Jimmy Methven

Personal information
- Full name: James Methven
- Date of birth: 7 December 1868
- Place of birth: Ceres, Scotland
- Date of death: 25 March 1953 (aged 84)
- Position: Full back

Senior career*
- Years: Team / Apps / (Gls)
- 1891–1906: Derby County / 458 / (0)

Managerial career
- 1906–1922: Derby County

= Jimmy Methven =

Scottish footballer and manager

James Methven (7 December 1868 – 25 March 1953), was a Scottish footballer. Methven became synonymous with Derby County; he played for the club in three FA Cup Finals and managed the club for 16 years. In total Methven was on the books at the Baseball Ground for 31 years and represented the club, in various capacities, in over 1,000 matches.

Methven, though born in Ceres, Fife, first played senior football in Edinburgh, for Leith Athletic, Heart of Midlothian and St Bernard's. He joined a growing band of Scottish professionals in English football when he signed forms with Derby County at the end of the 1890-91 season.

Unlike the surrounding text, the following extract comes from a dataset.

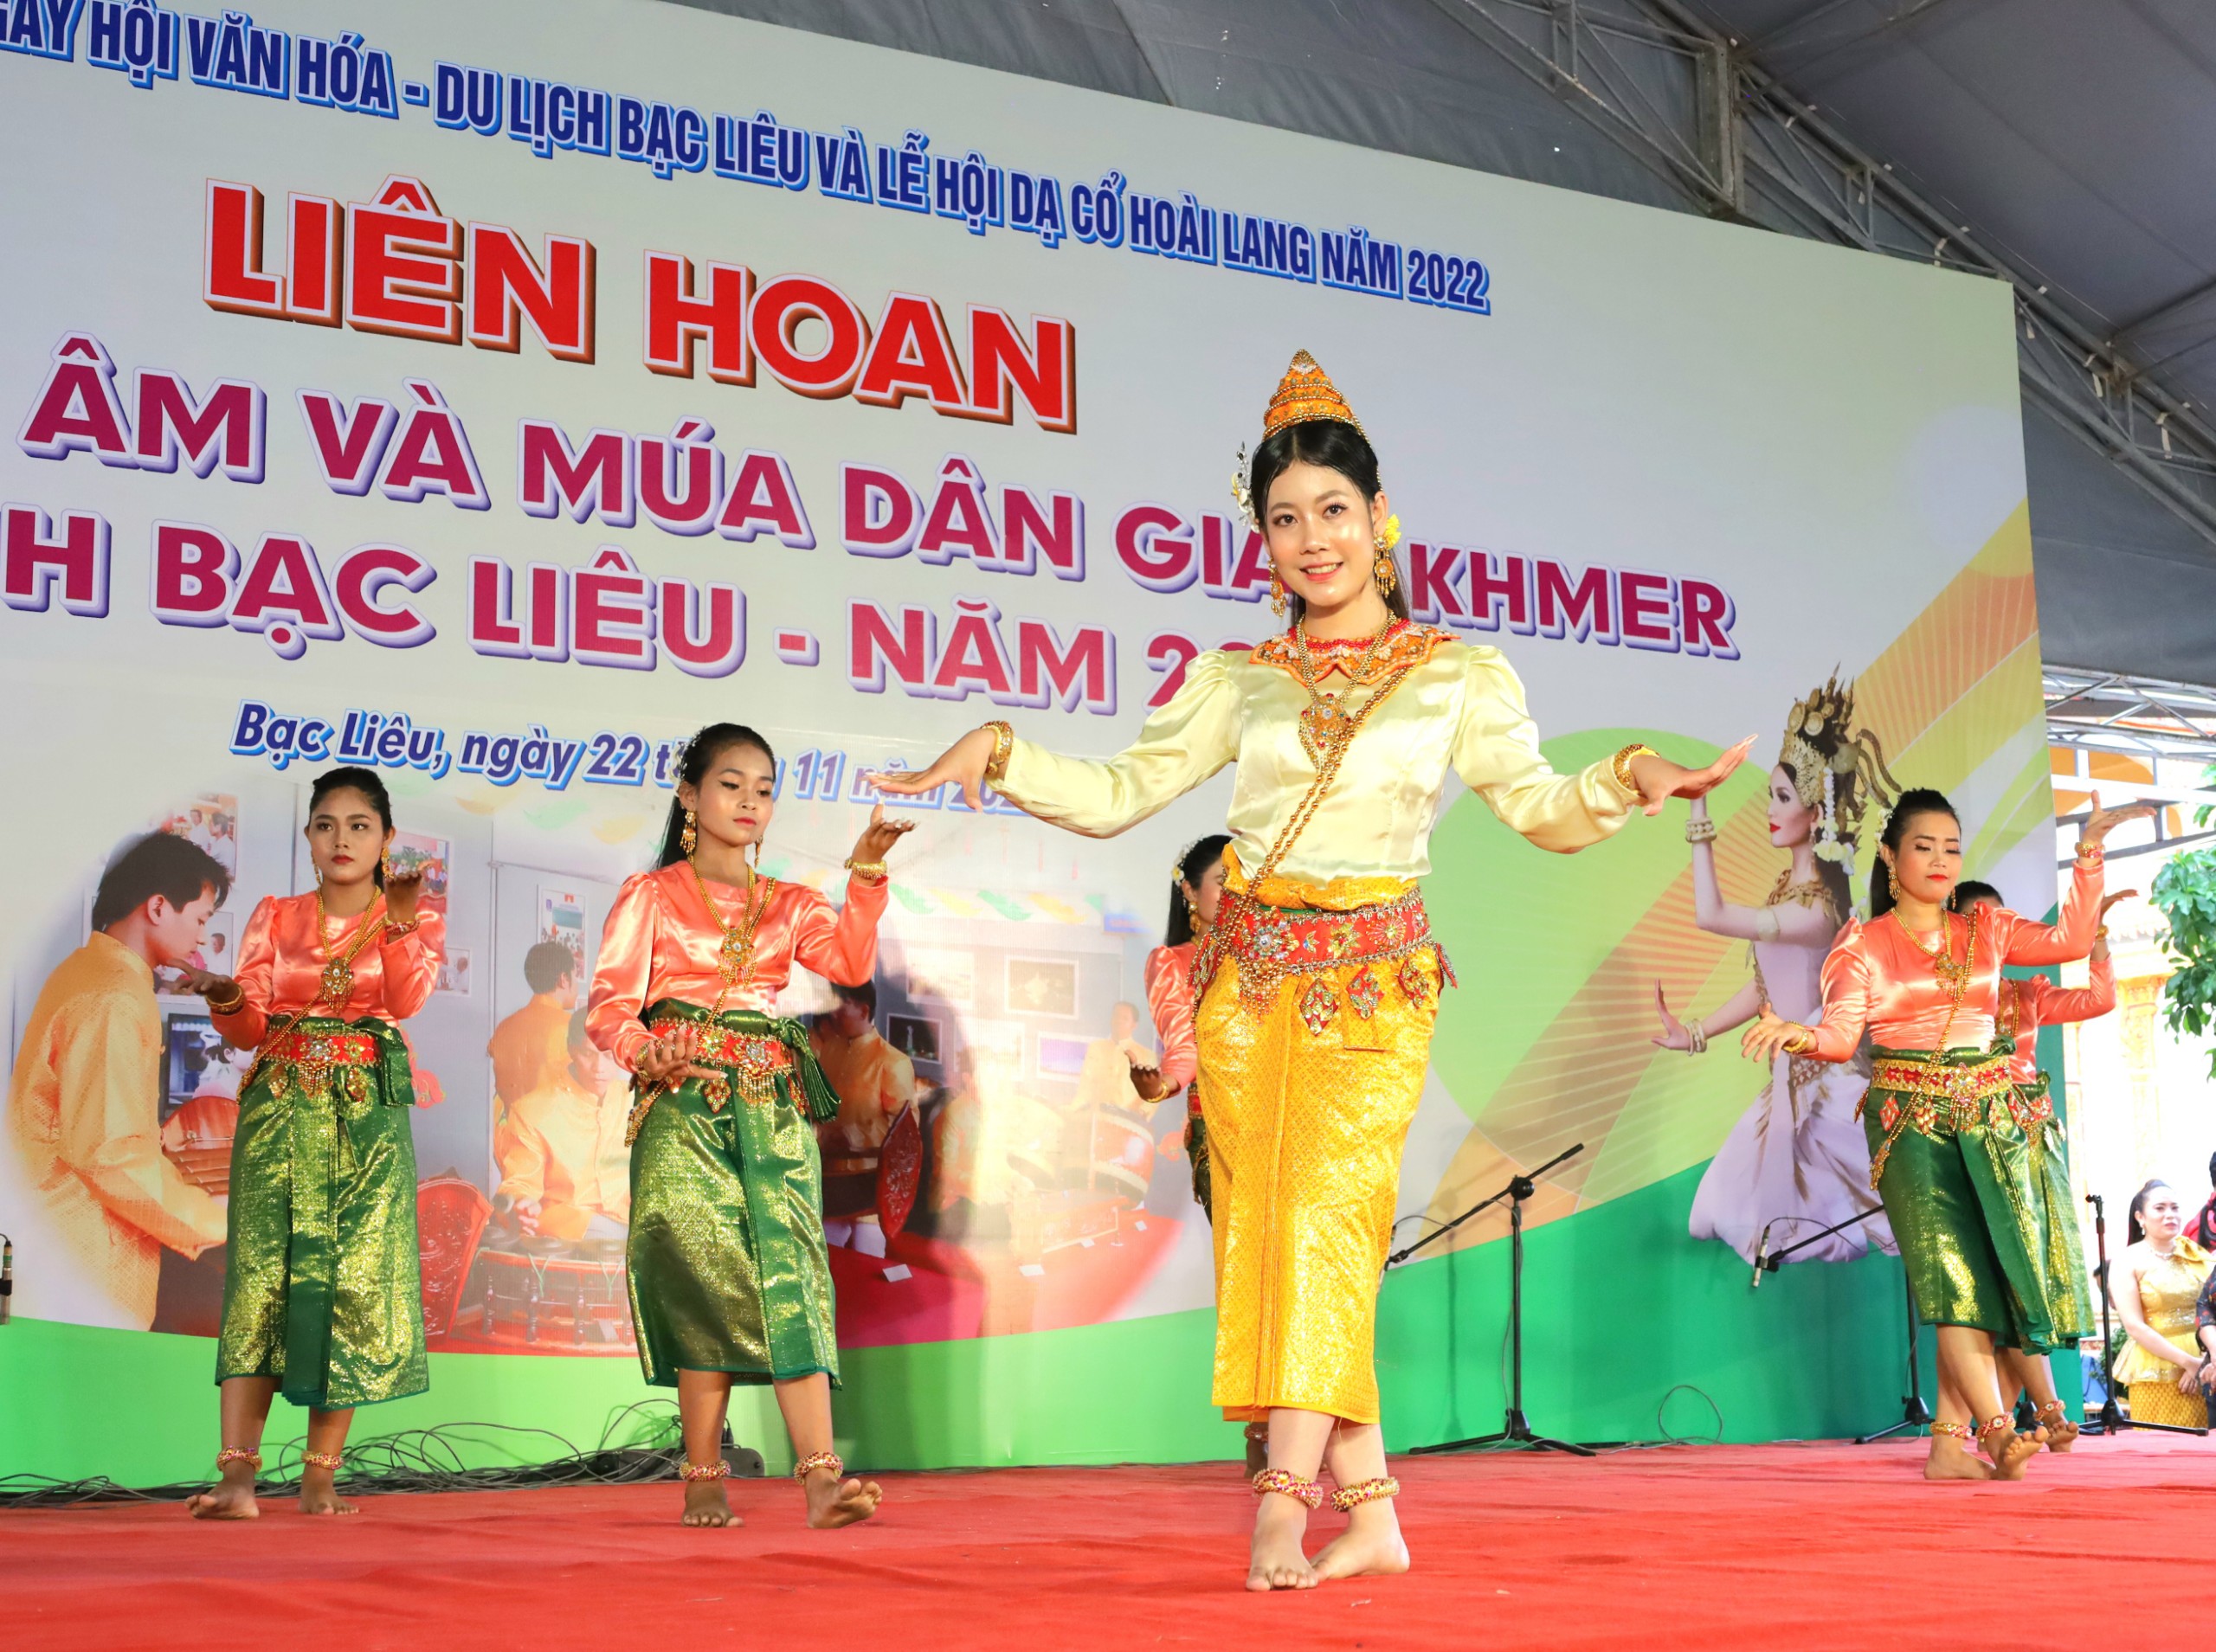 Nghệ thuật múa dân gian là sản phẩm tinh thần độc đáo không thể thiếu trong các dịp lễ, Tết, đám tiệc, đám phước của đồng bào Khmer.
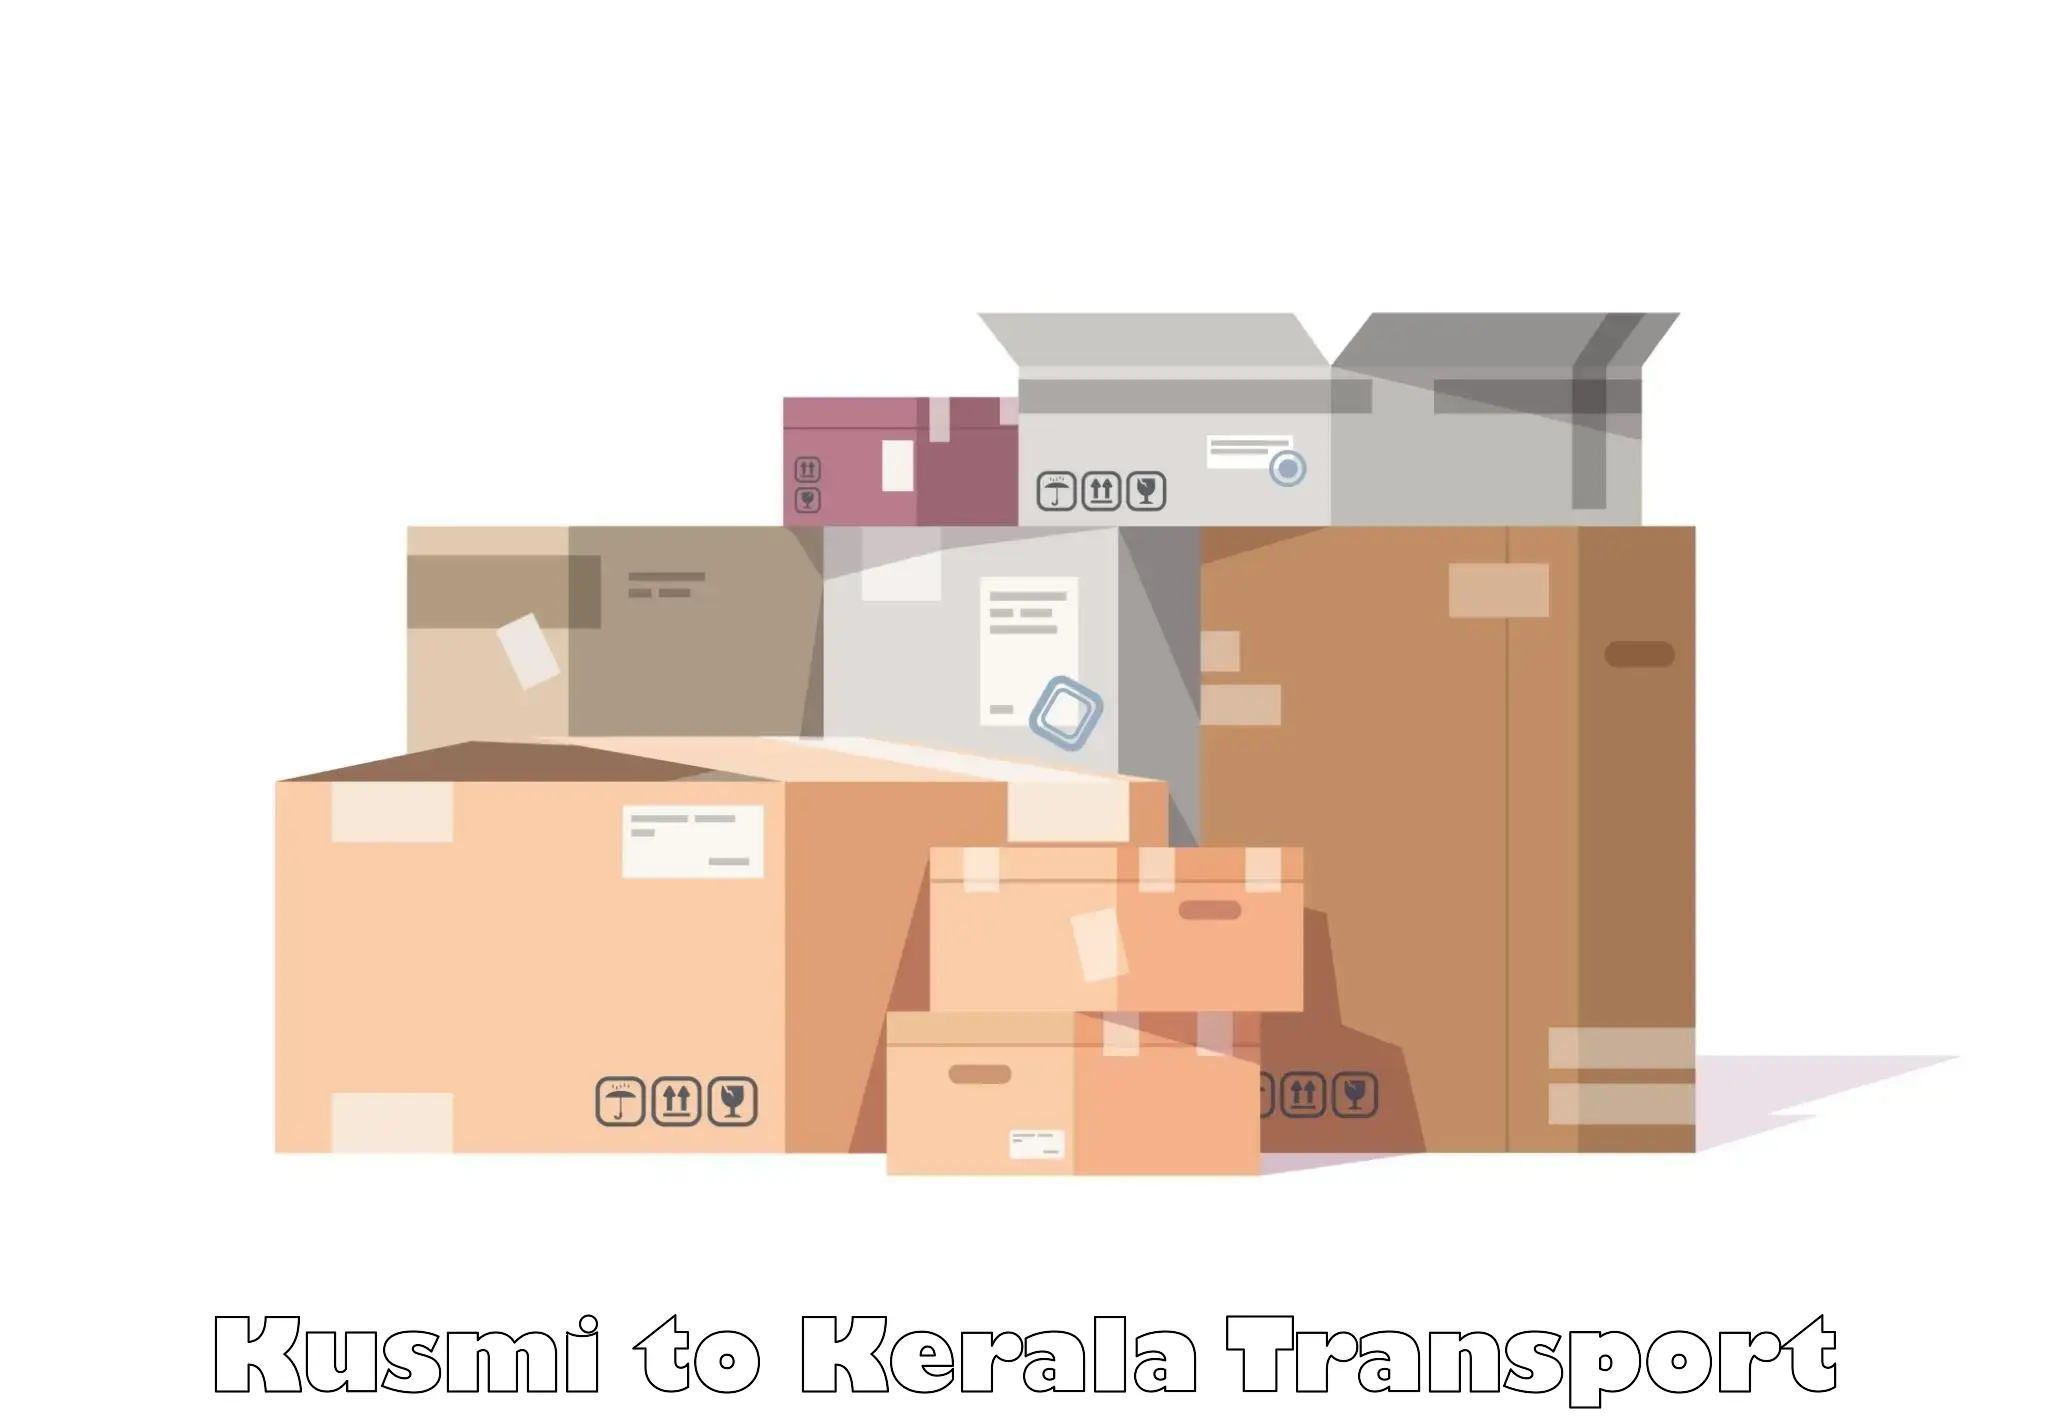 Nearby transport service Kusmi to Thiruvananthapuram

In total he played 511 games and (was one of three players who) appeared in each of the three unsuccessful FA Cup appearances for the Rams, before taking the reins as manager immediately following Harry Newbould's departure in 1906. He last played for the club (at the age of 38) on 2 February 1907, in an FA Cup second-round tie against Lincoln City, which Derby won 1-0.

Methven was unable to stop the slide into the Second Division during his first season with the club and only converted the club's wayward fortunes when he persuaded the 36-year-old Steve Bloomer to return home from Middlesbrough in 1910, helping Derby County back to the First Division as champions in 1912. Methven finally left Derby in June 1922 having been in charge for 498 games (winning more than he lost) finally working for a local authority after a stint as a scout with Stoke City.